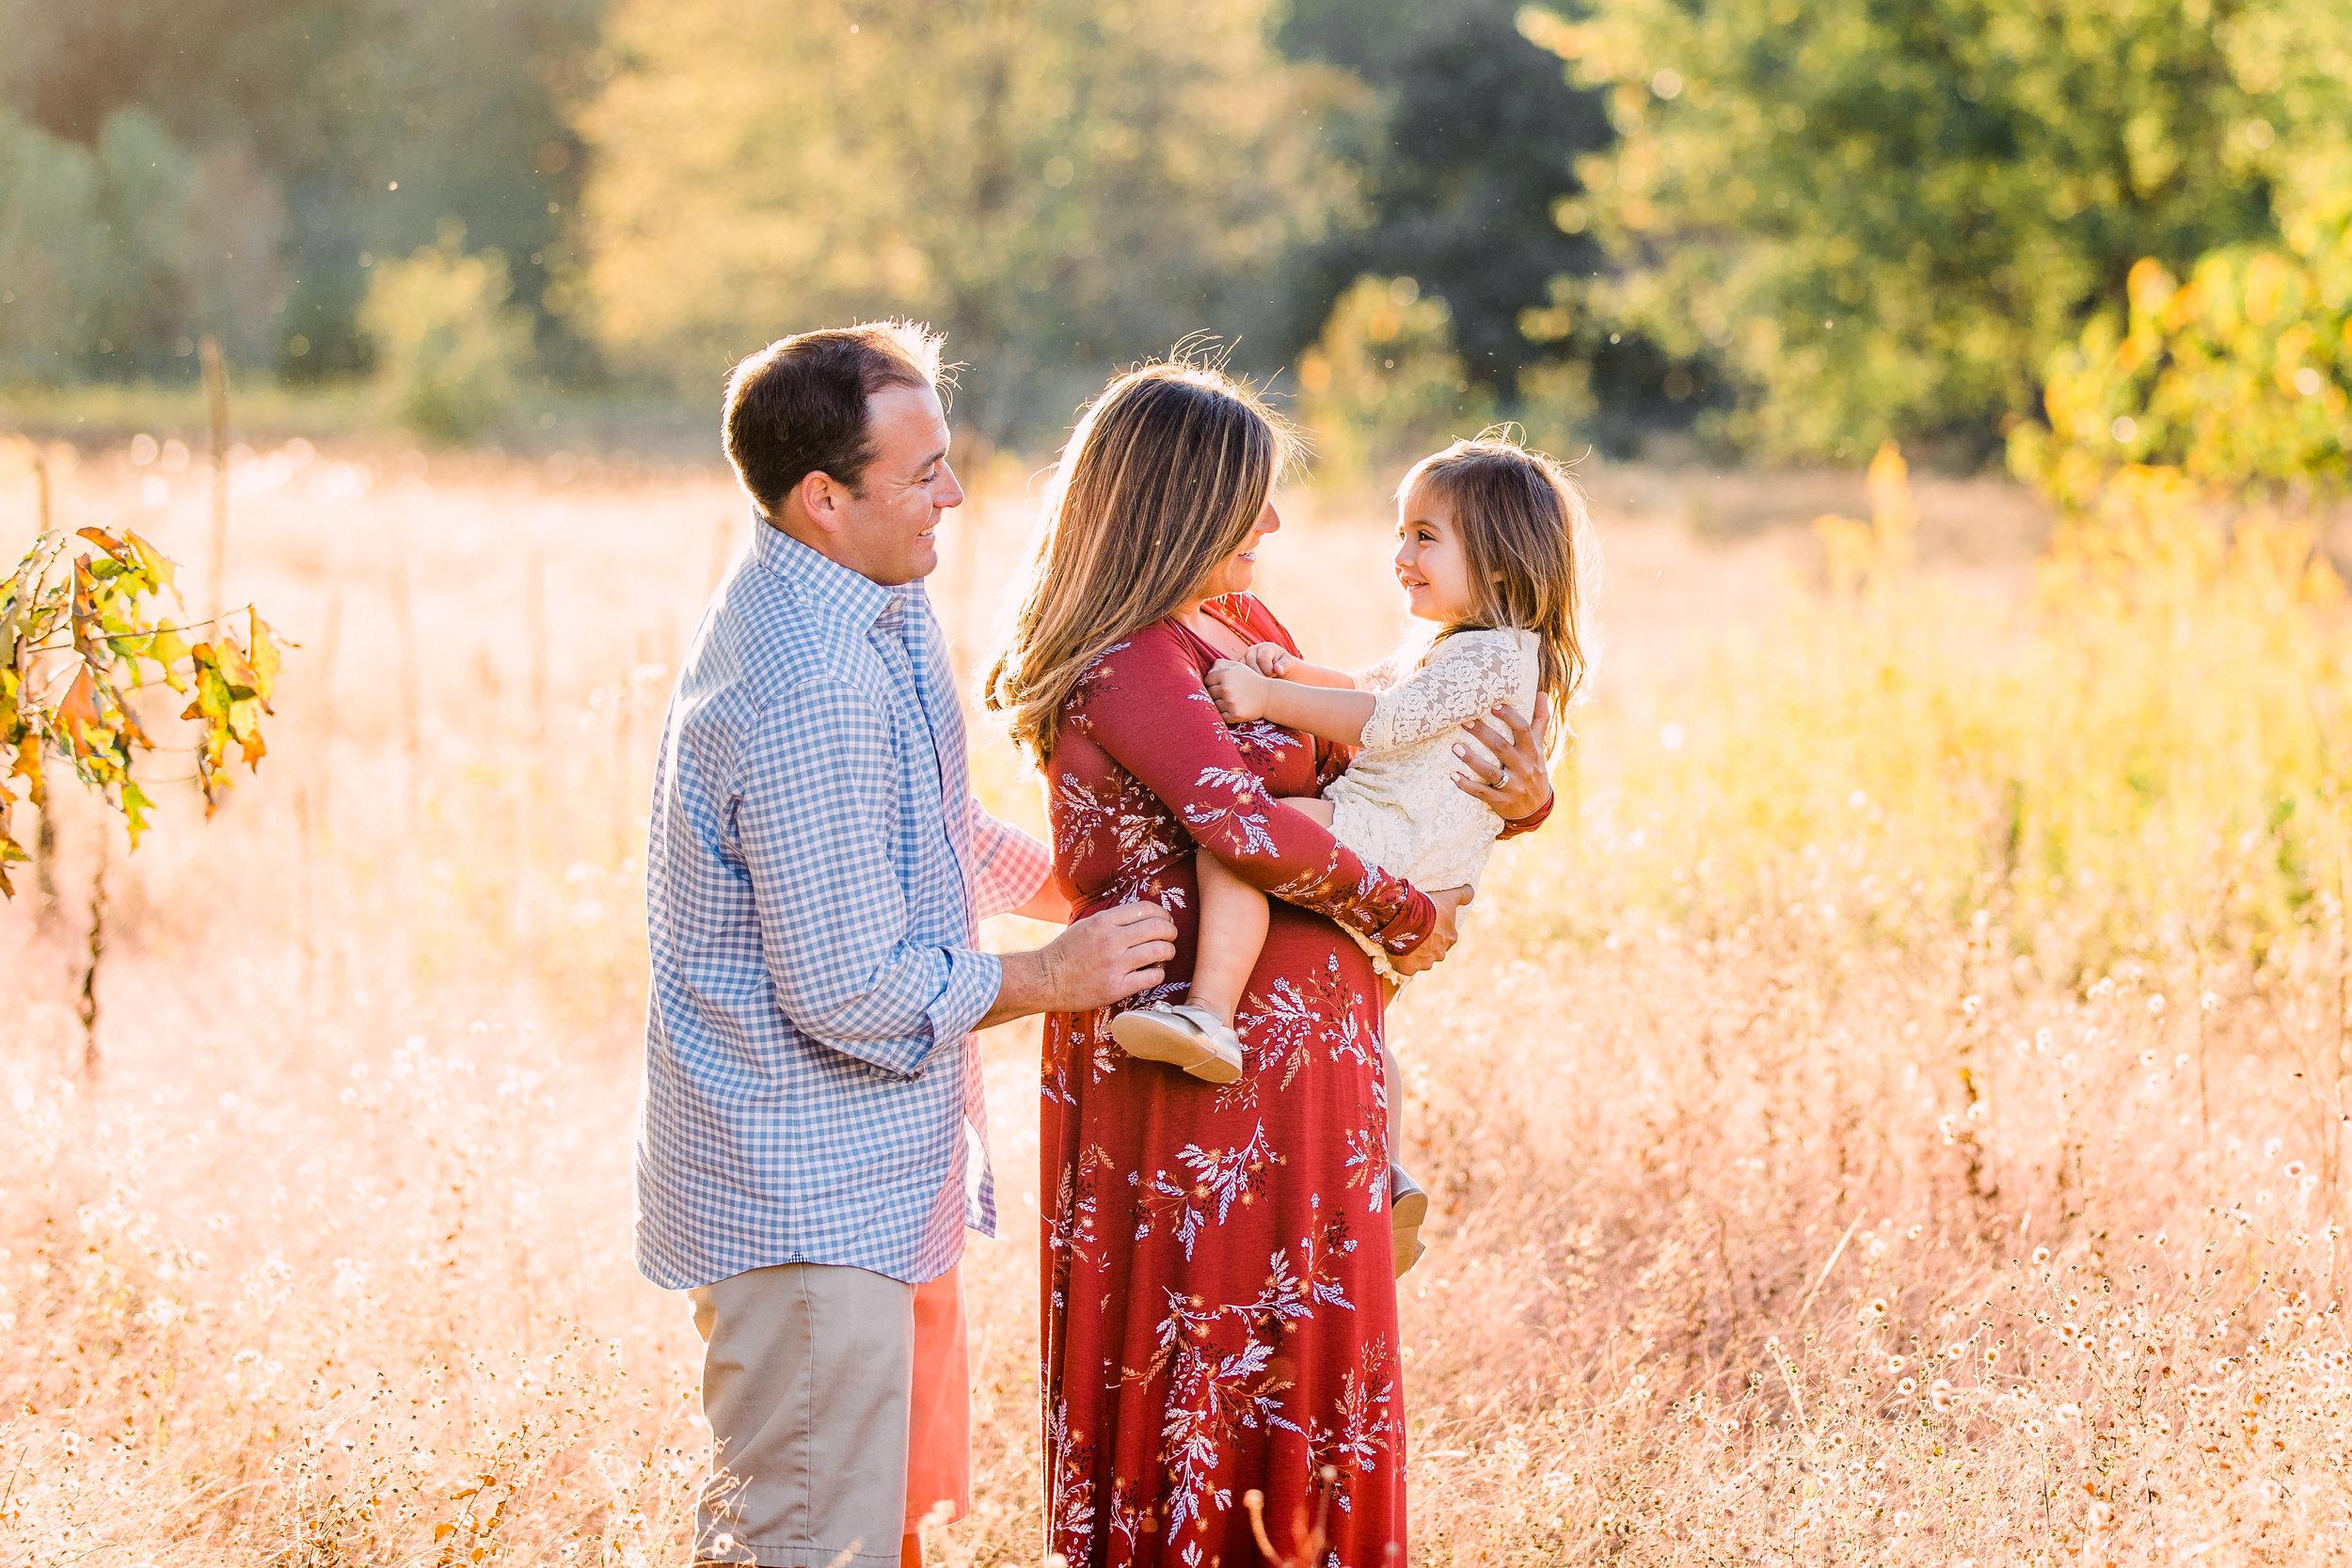 SMP_Diana Hicks_Maternity_Sept 2017-12.jpg
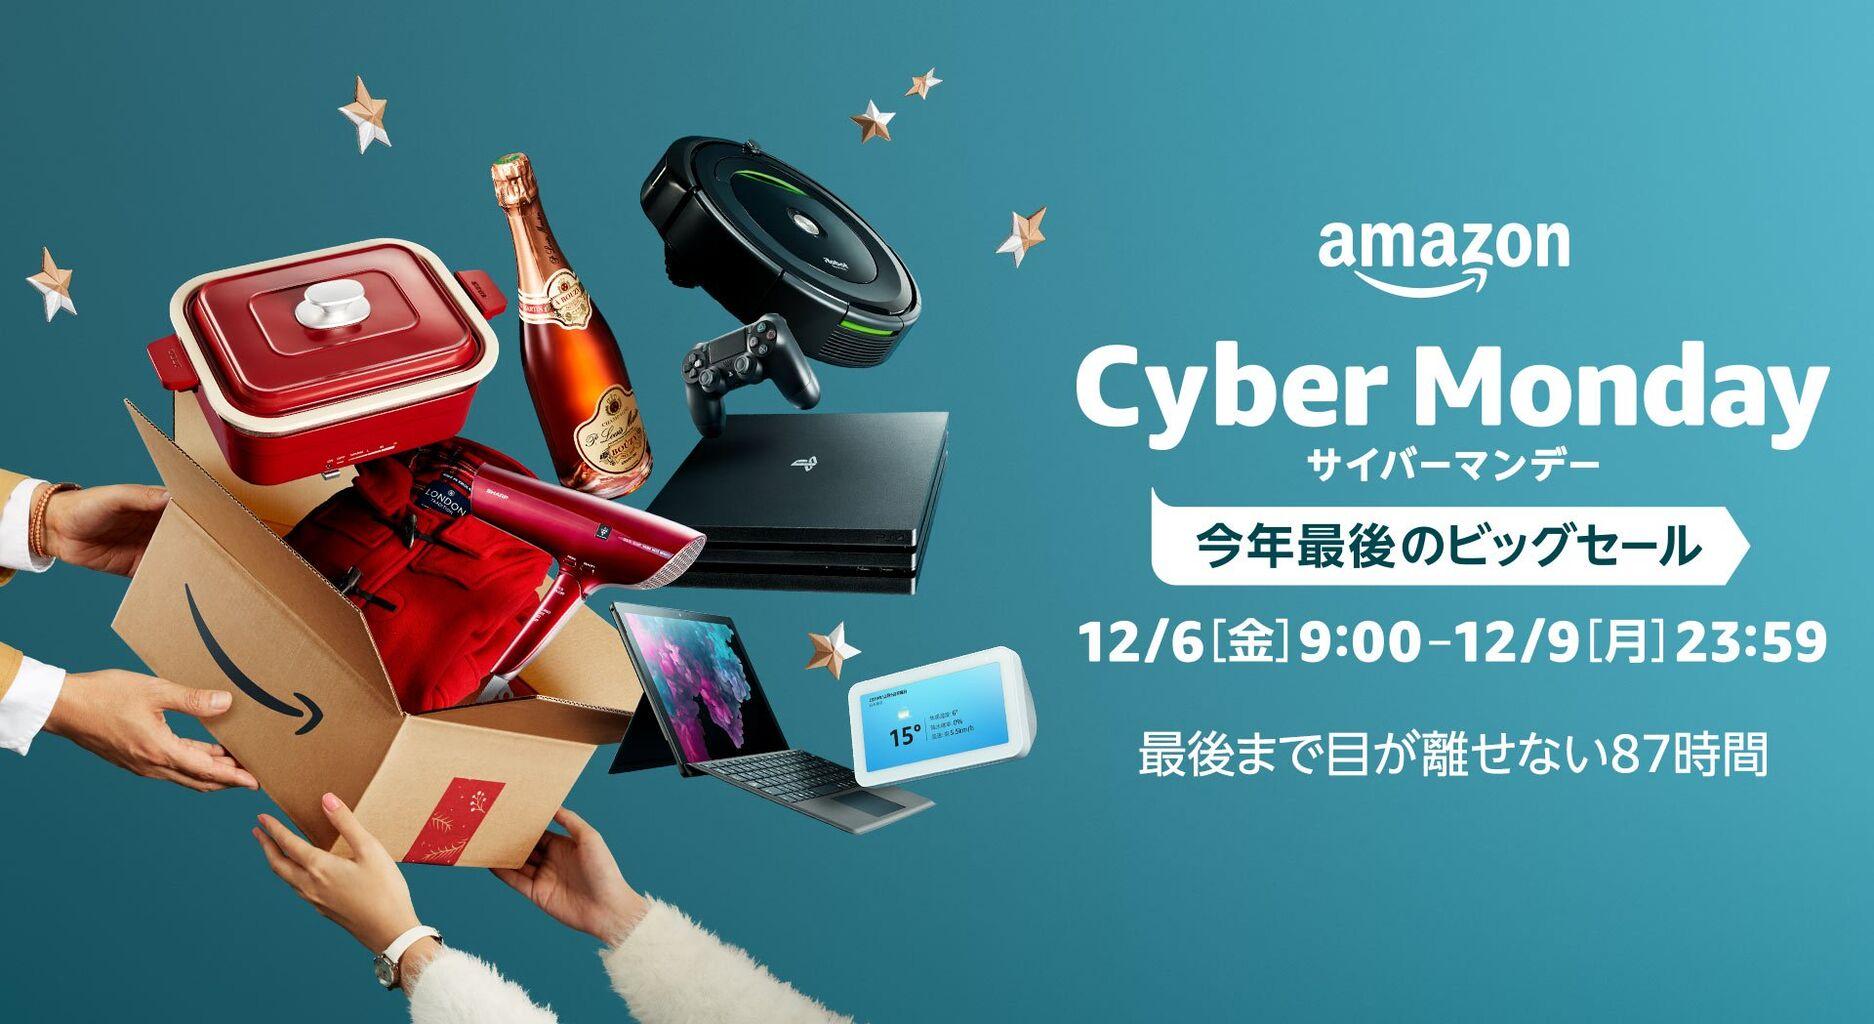 【Amazon CyberMonday】そろそろ開始!12/6(金)9時スタート!最大8.5%還元ポイントアップキャンペーンに参加しておこう!
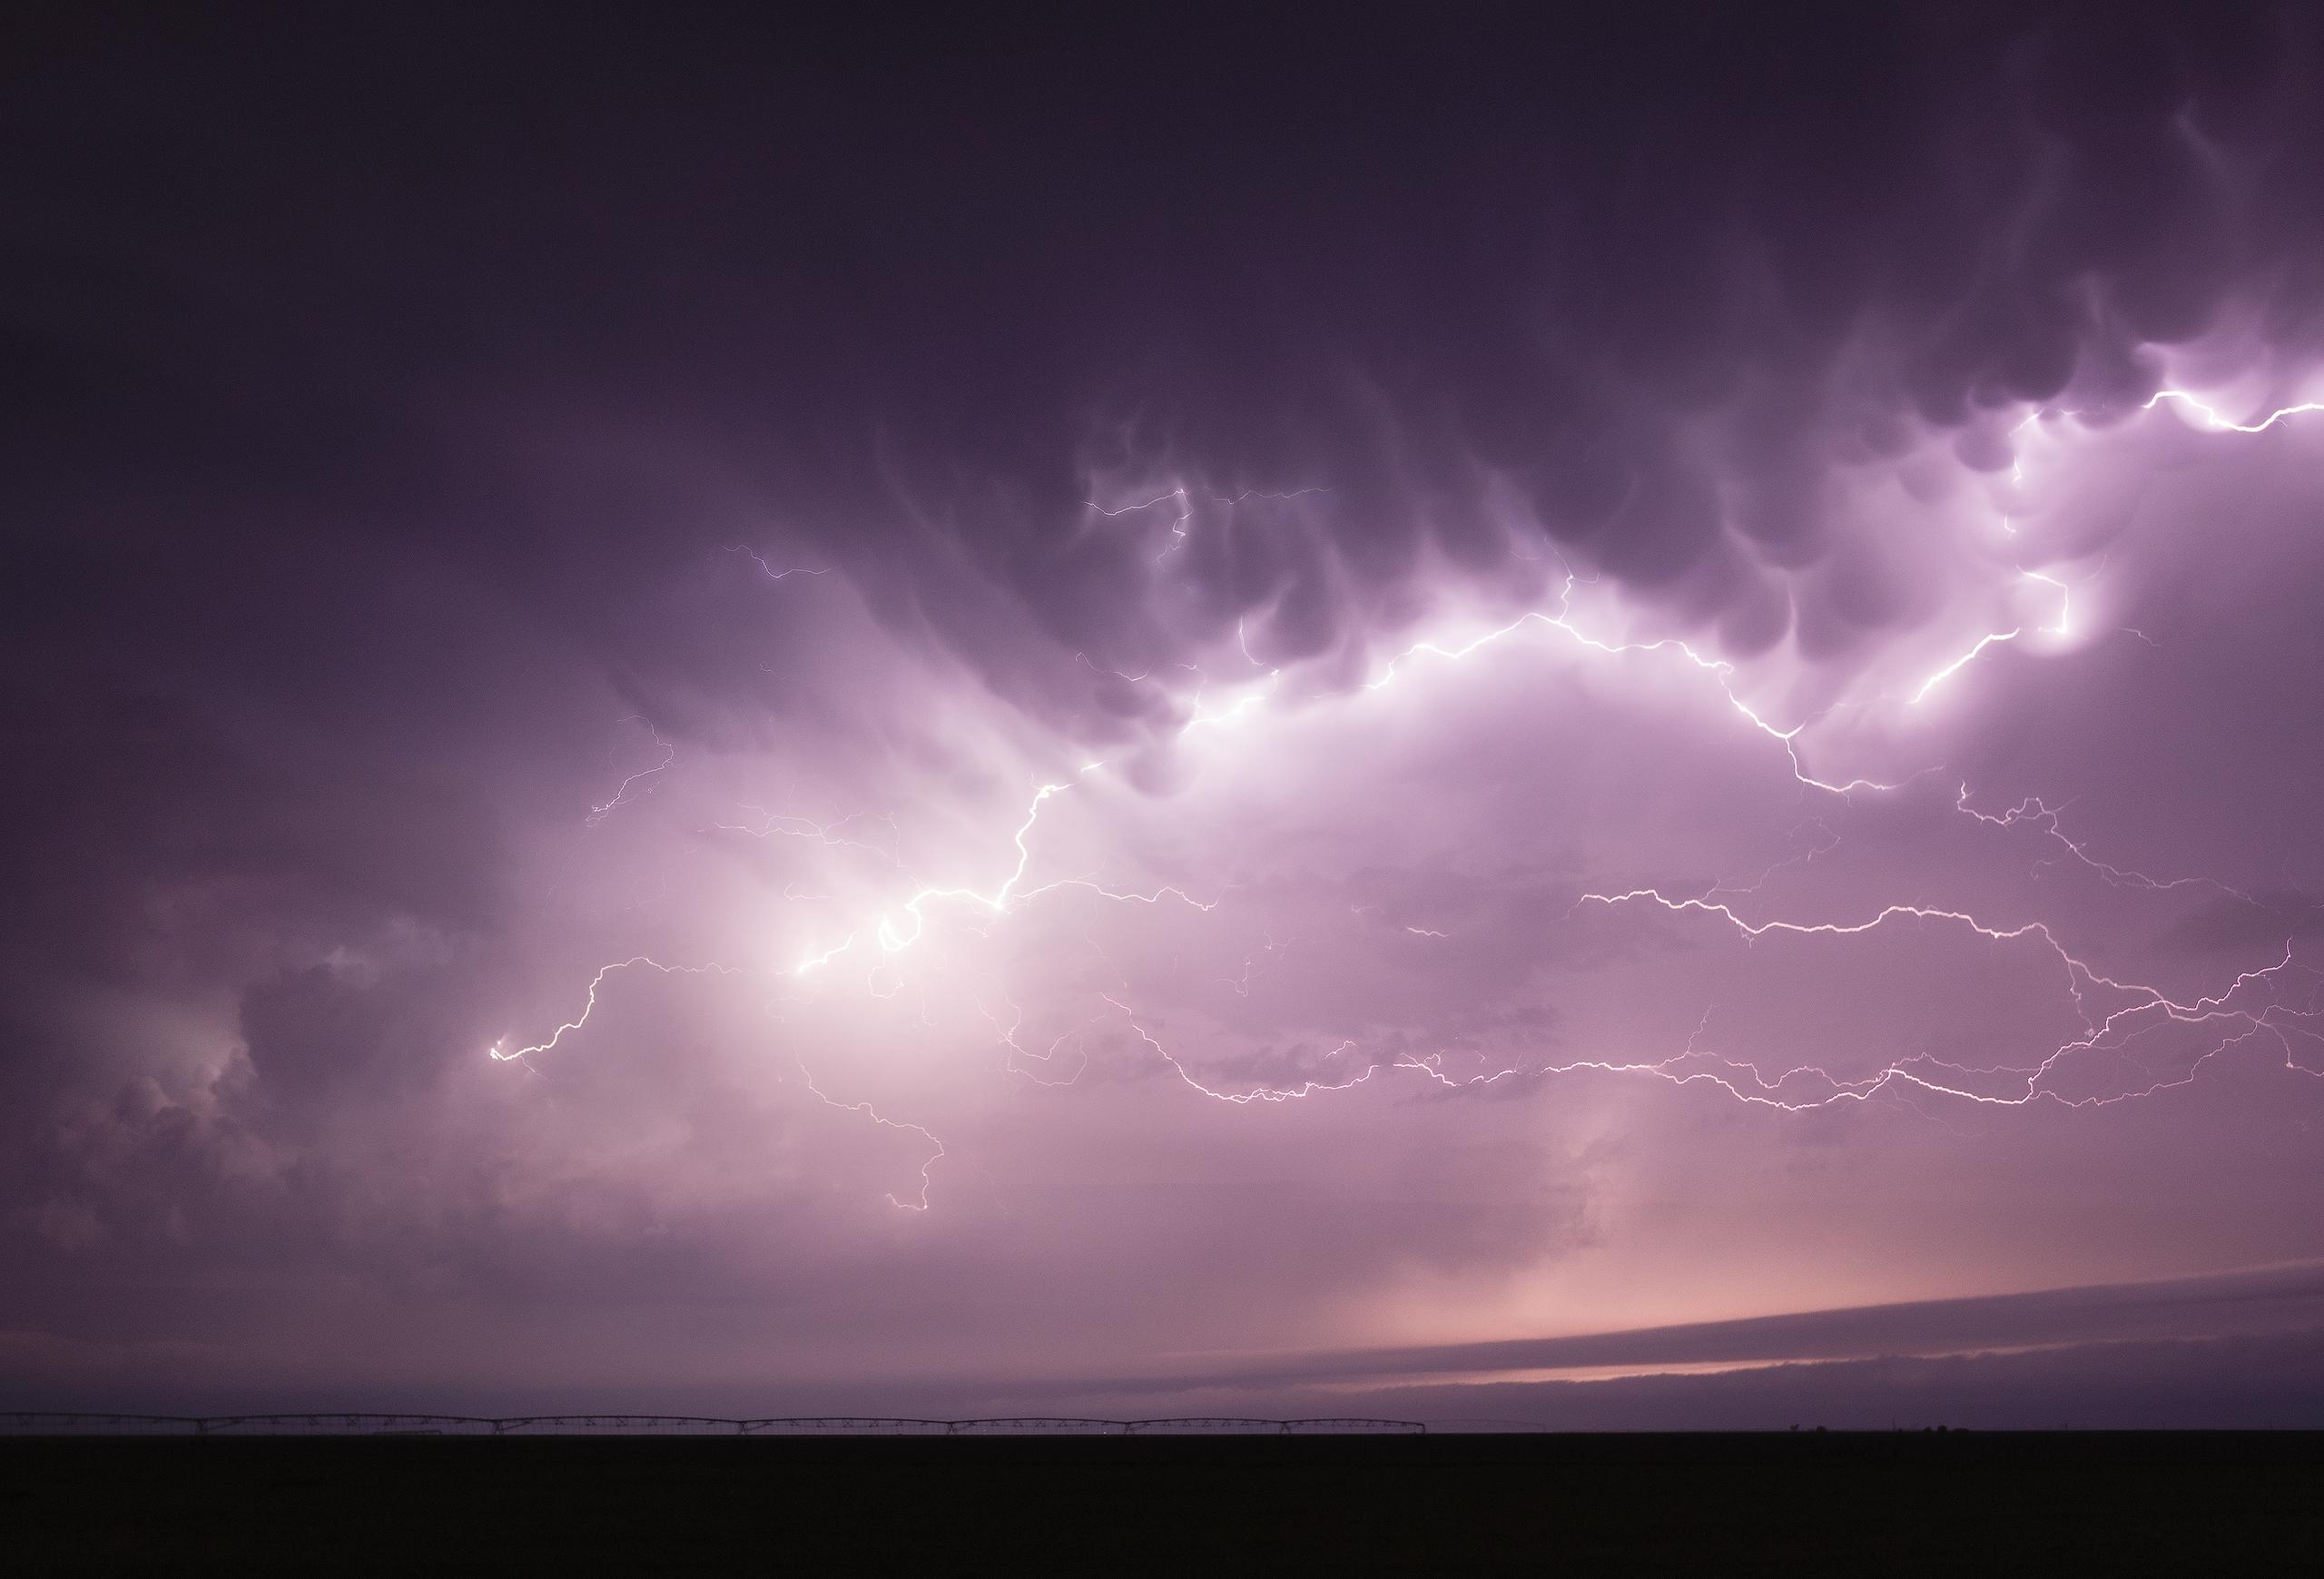 4-15-16-Dumas-Texas-lightning-V2-3k.jpg

- [WHAT IS BEING ASKED]
Reprint the whole listing verbatim except for the pictures.

- [ANSWER TO THE EXERCISE]
 SMP_Diana Hicks_Maternity_Sept 2017-12.jpg
 【Amazon CyberMonday】そろそろ開始!12/6(金)9時スタート!最大8.5%還元ポイントアップキャンペーンに参加しておこう!
 4-15-16-Dumas-Texas-lightning-V2-3k.jpg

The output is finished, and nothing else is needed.